What Comes after an Age of Fracture?


Like a lot of people, I am interested in what has been happening in the world, the US in particular, since the end of World War II.  I am especially intrigued by goings on in university economics, but I take a broad view of the subject.  I grew up in the Fifties, and the single most persuasive account I’ve found of the underlying nature of changing times since 1945 has been a series of five books by historian Daniel Rodgers, of Princeton University. In Age of Fracture (Belknap, Harvard, 2011), Rodgers described very well my experience of the increasingly thinner life of things.

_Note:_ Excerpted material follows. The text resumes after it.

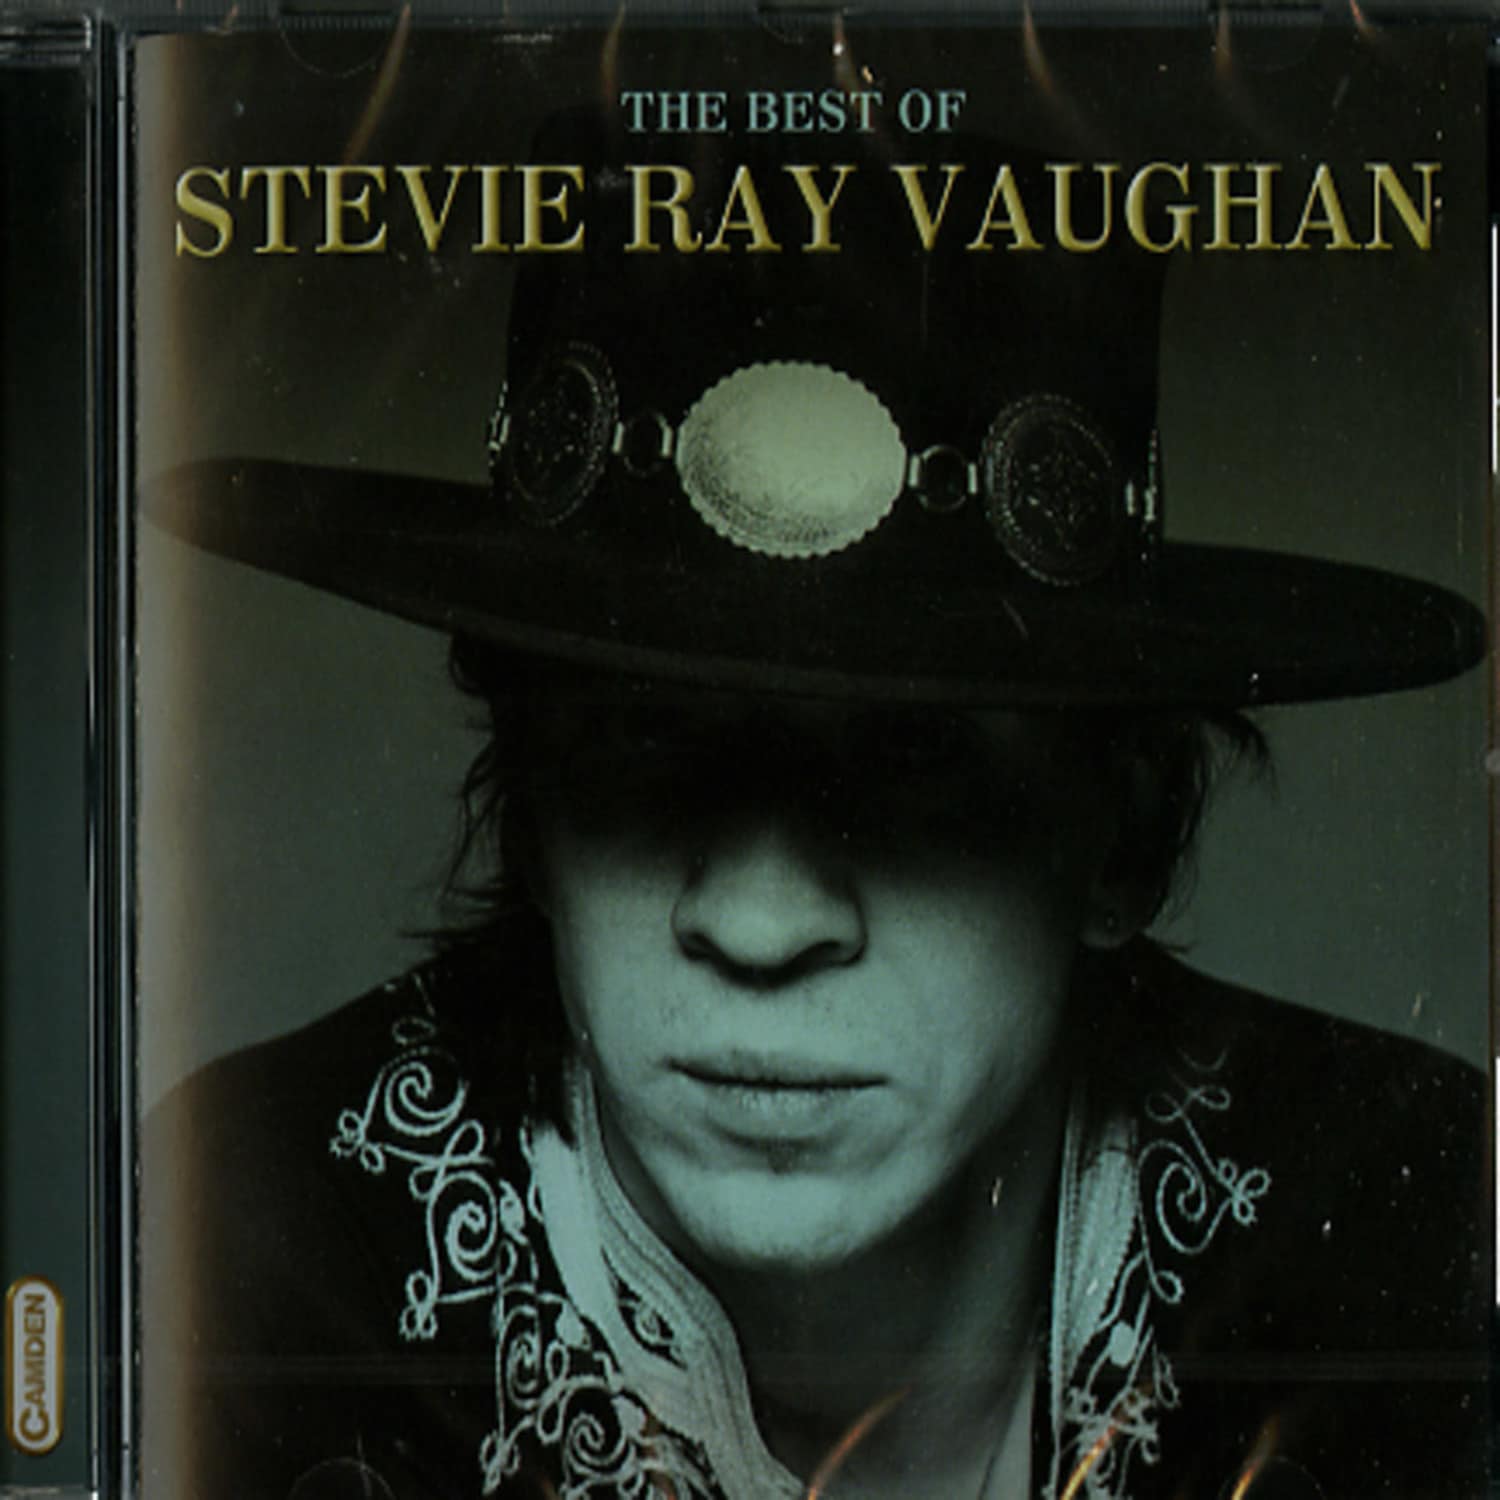 Stevie Ray Vaughan - BEST OF

Across the multiple fronts of ideational battle, from the speeches of presidents to books of social and cultural theory, conceptions of human nature that in the post–World War II era had been thick with context, social circumstance, institutions, and history gave way to conceptions of human nature that stressed choice, agency, performance, and desire. Strong metaphors of society were supplanted by weaker ones. Imagined collectivities shrank; notions of structure and power thinned out. Viewed by its acts of mind, the last quarter of the century was an era of disaggregation, a great age of fracture.

But I’m always interested in a new narrative.  One such is Public Citizens: The Attack on Big Government and the Remaking of American Liberalism (Norton, 2021), by historian Paul Sabin, of Yale University.  Sabin employs the career Ralph Nader, the arc of which extends from Harvard Law School and auto-safety crusader in Sixties to his Green Party candidacy in the US presidential election of 2000, as a metaphor for a variety of other liberal activists who mounted assaults of their own on centers of government power in the second half of the twentieth  century.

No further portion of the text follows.